Тогда во Франции, живущей всегда быстрее всех других стран, создалась атмосфера душная и сырая, в которой однако очень хорошо дышалось Полю Астье и всем людям его типа, исповедовавшим прямолинейный материализм и относившимся скептически ко всему, что было идеально и призывало к переустройству жизни в смысле приближения к истине и справедливости в отношениях человека к человеку.
Создалась атмосфера преклонения пред действительностью и фактом, жизнь стала бедна духом и темна умом, появились невозможные до той поры процессы Вильсонов и К°, разнообразные «Панамы», полное падение морали, оскудение идеализма, и якобы философская проповедь свободы греха заняла место всегда истинной проповеди свободы от греха, а нравственность всё более и более падала.

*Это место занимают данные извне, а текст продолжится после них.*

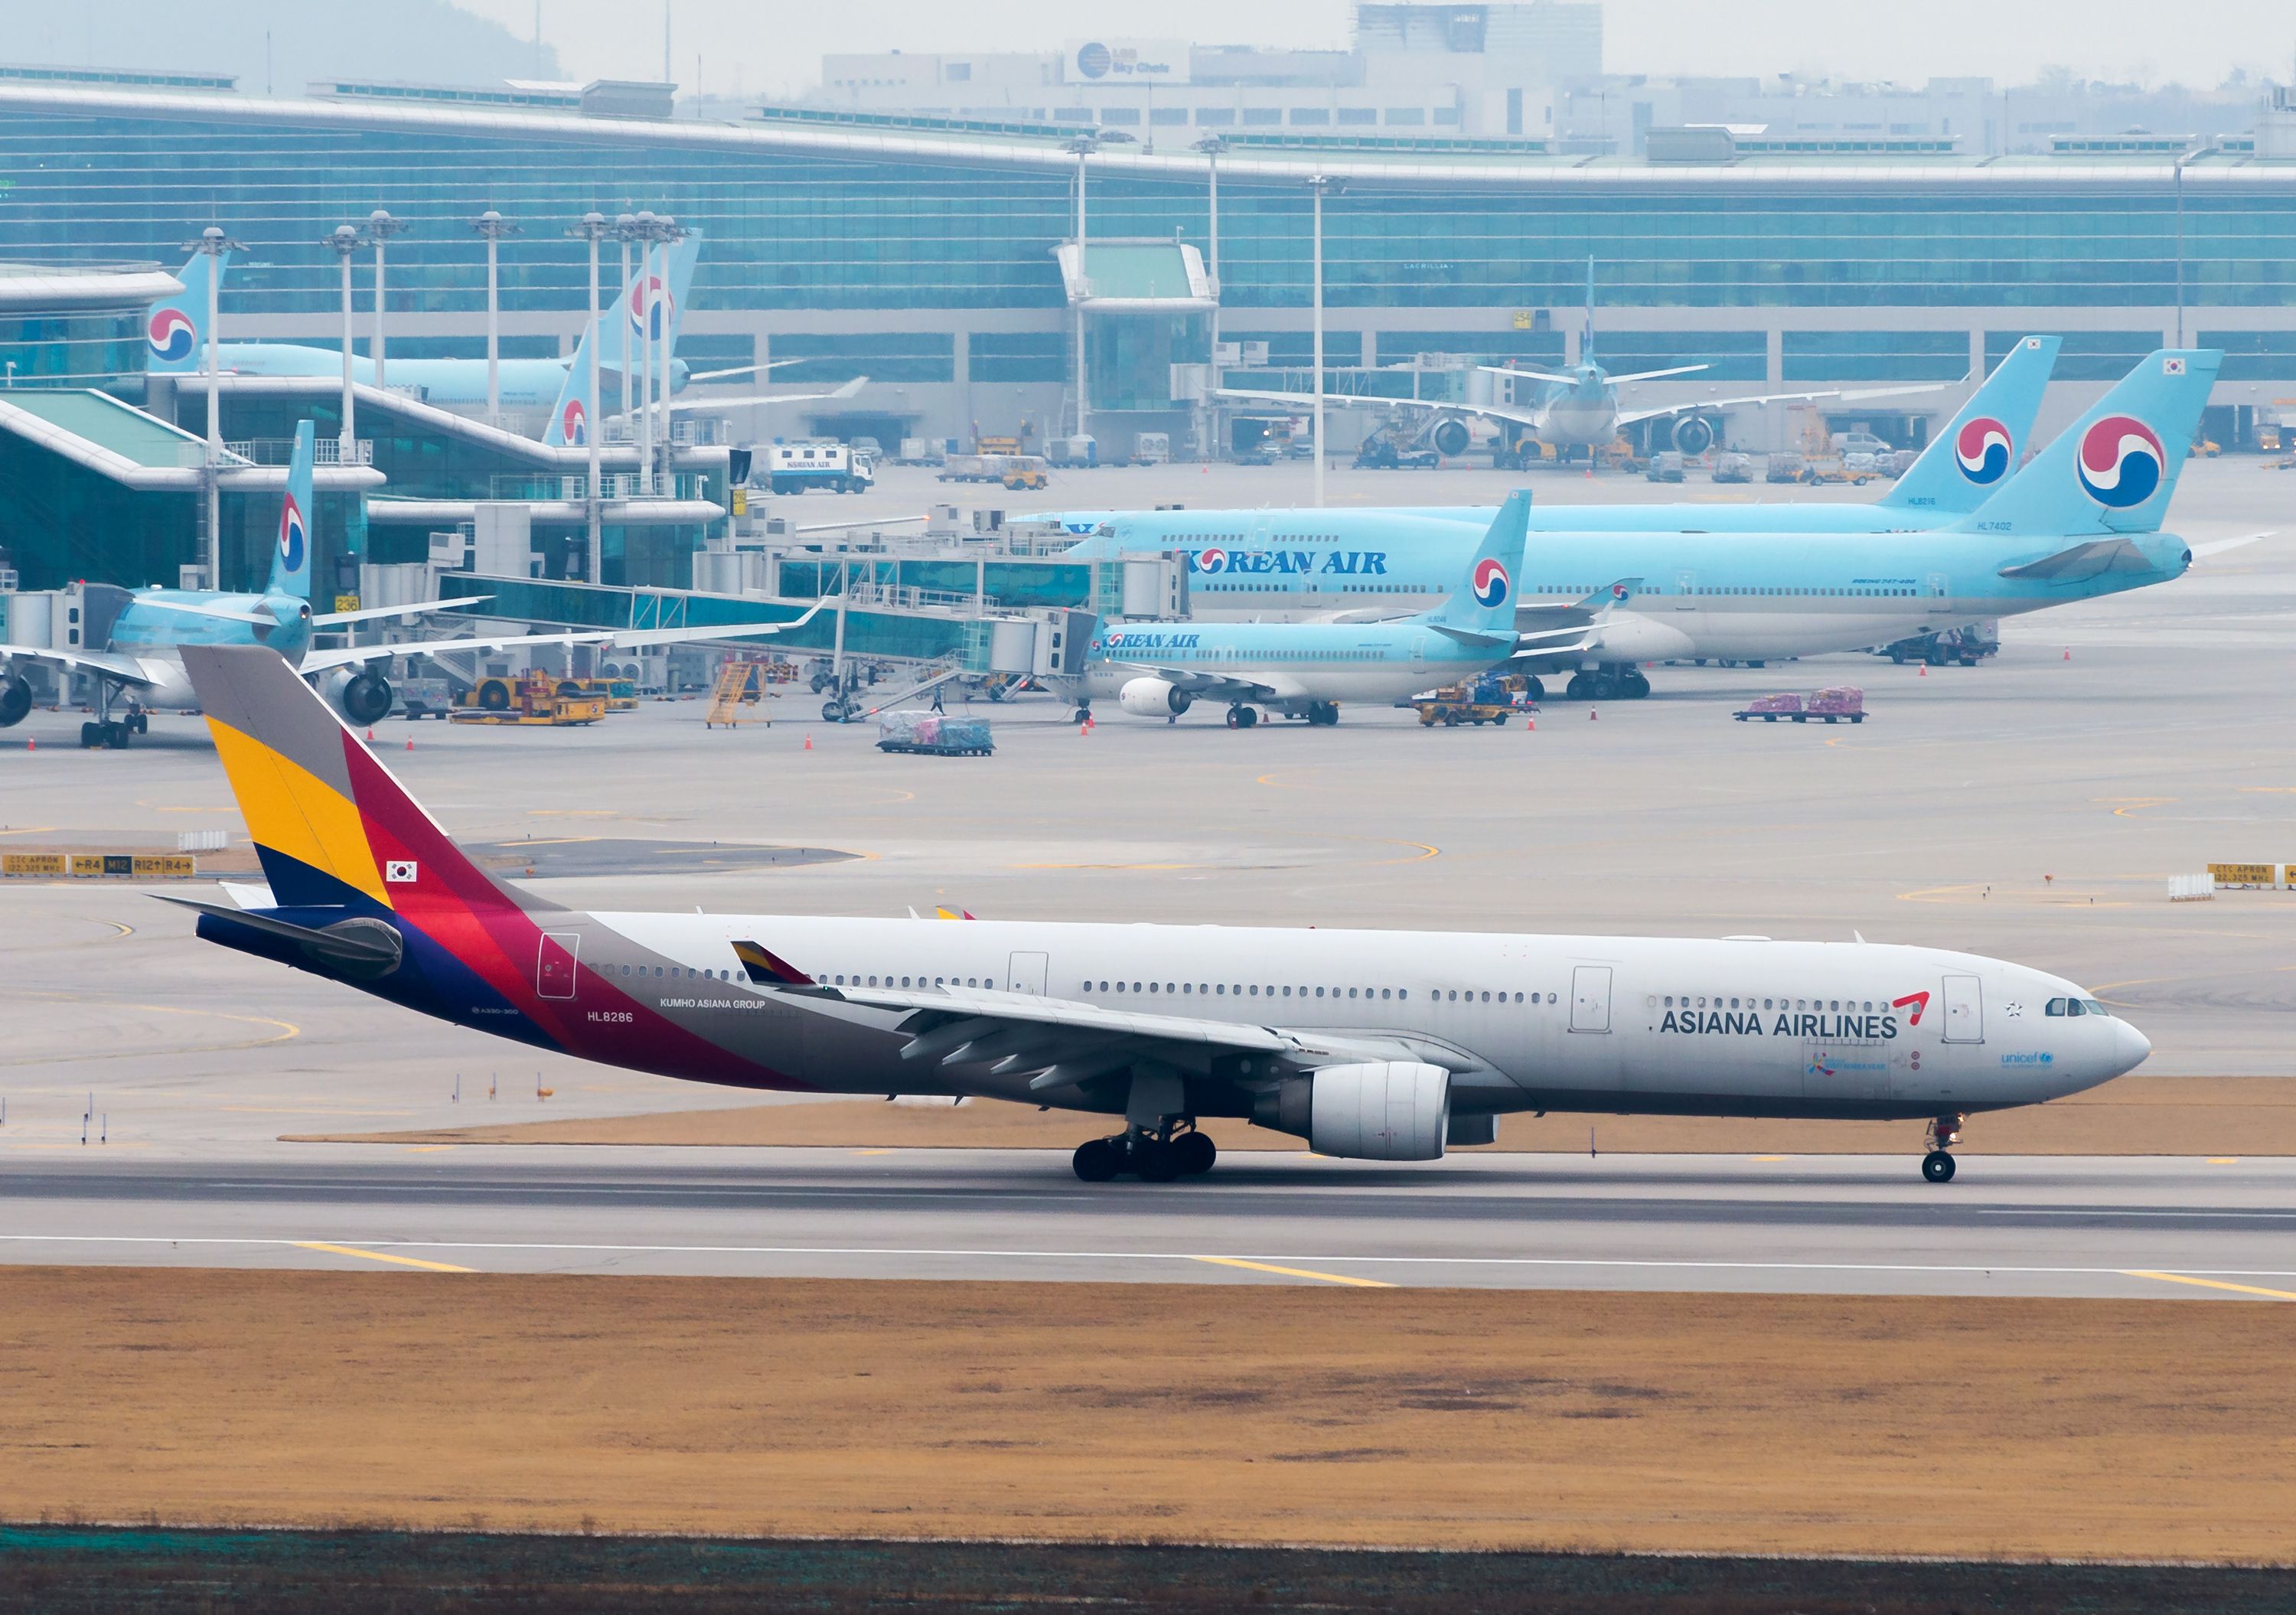 Korean Air And Asiana Airlines aircraft at Seoul Incheon airport

Стали возможны процессы по обвинению в продаже политических тайн государства его врагам, каков процесс Дрейфуса; стало возможно многое подлое и низкое, многое такое, что было совершенно невозможно даже четверть века тому назад. И в то время как одним жилось и дышалось в этой атмосфере свободно и легко, другие — более честные, более чуткие люди, люди с желаниями истины и справедливости, люди с большими запросами к жизни — задыхались в этой атмосфере материализма, меркантилизма и морального оскудения, задыхались, искали выхода вон из буржуазной клоаки, из этого общества торжествующих свиней, узких, тупых, пошлых, не признающих иного закона, кроме инстинкта жизни, и иного права, кроме права сильного.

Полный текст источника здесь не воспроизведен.